Take the line containing "Mauern der Altstadt" and every line after it to the end of the material below; reproduce them exactly, without pictures.

▸ Data block
Start of Block

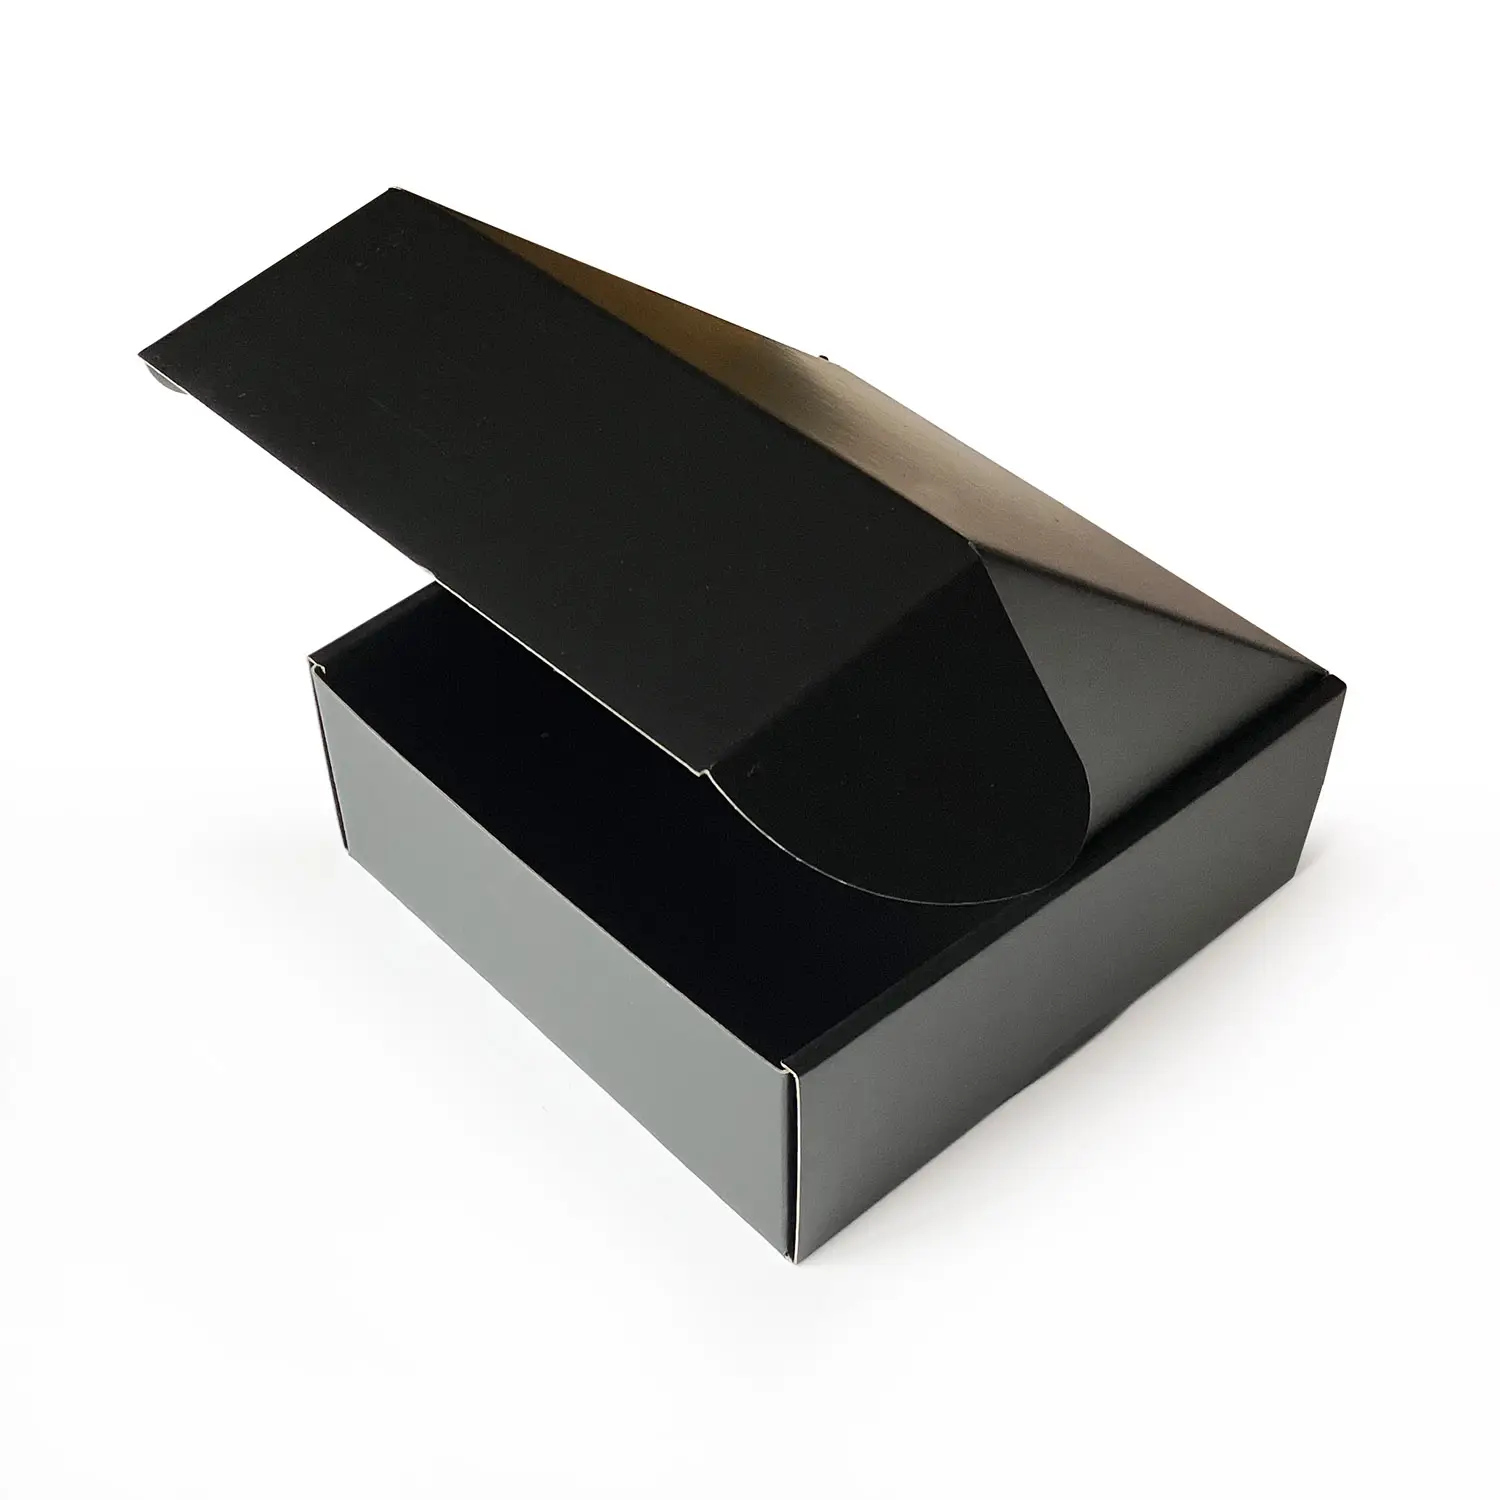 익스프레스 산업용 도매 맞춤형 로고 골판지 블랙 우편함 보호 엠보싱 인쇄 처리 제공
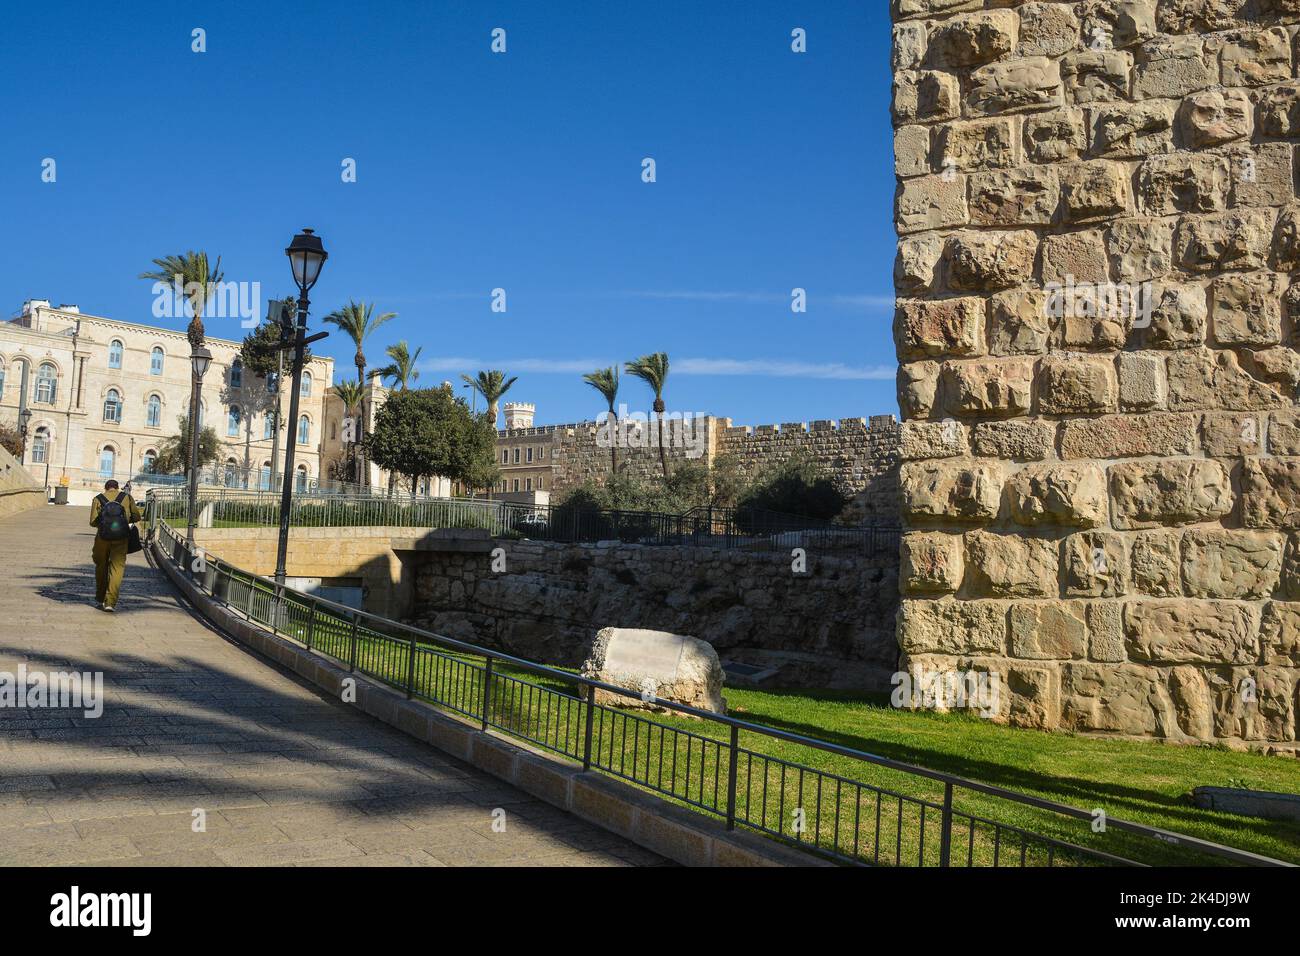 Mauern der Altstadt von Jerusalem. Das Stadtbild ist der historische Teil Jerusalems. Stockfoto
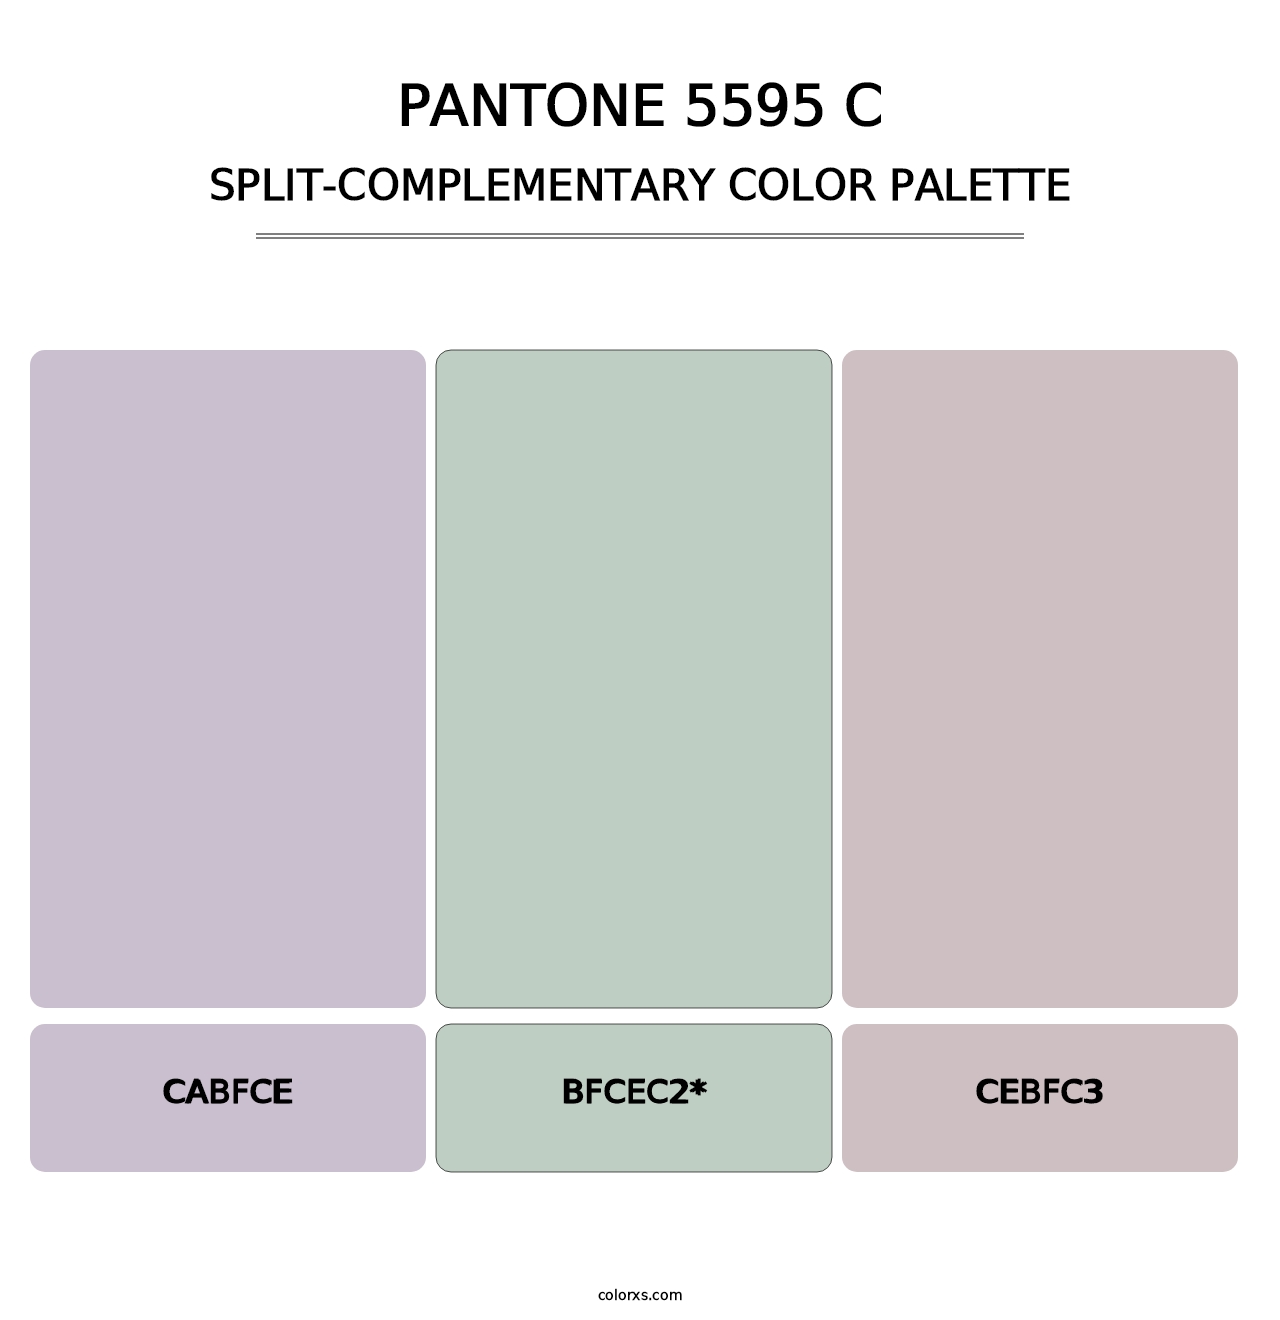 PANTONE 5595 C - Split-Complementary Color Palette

End of Block

▸ Task output
 Mauern der Altstadt von Jerusalem. Das Stadtbild ist der historische Teil Jerusalems. Stockfoto
 PANTONE 5595 C - Split-Complementary Color Palette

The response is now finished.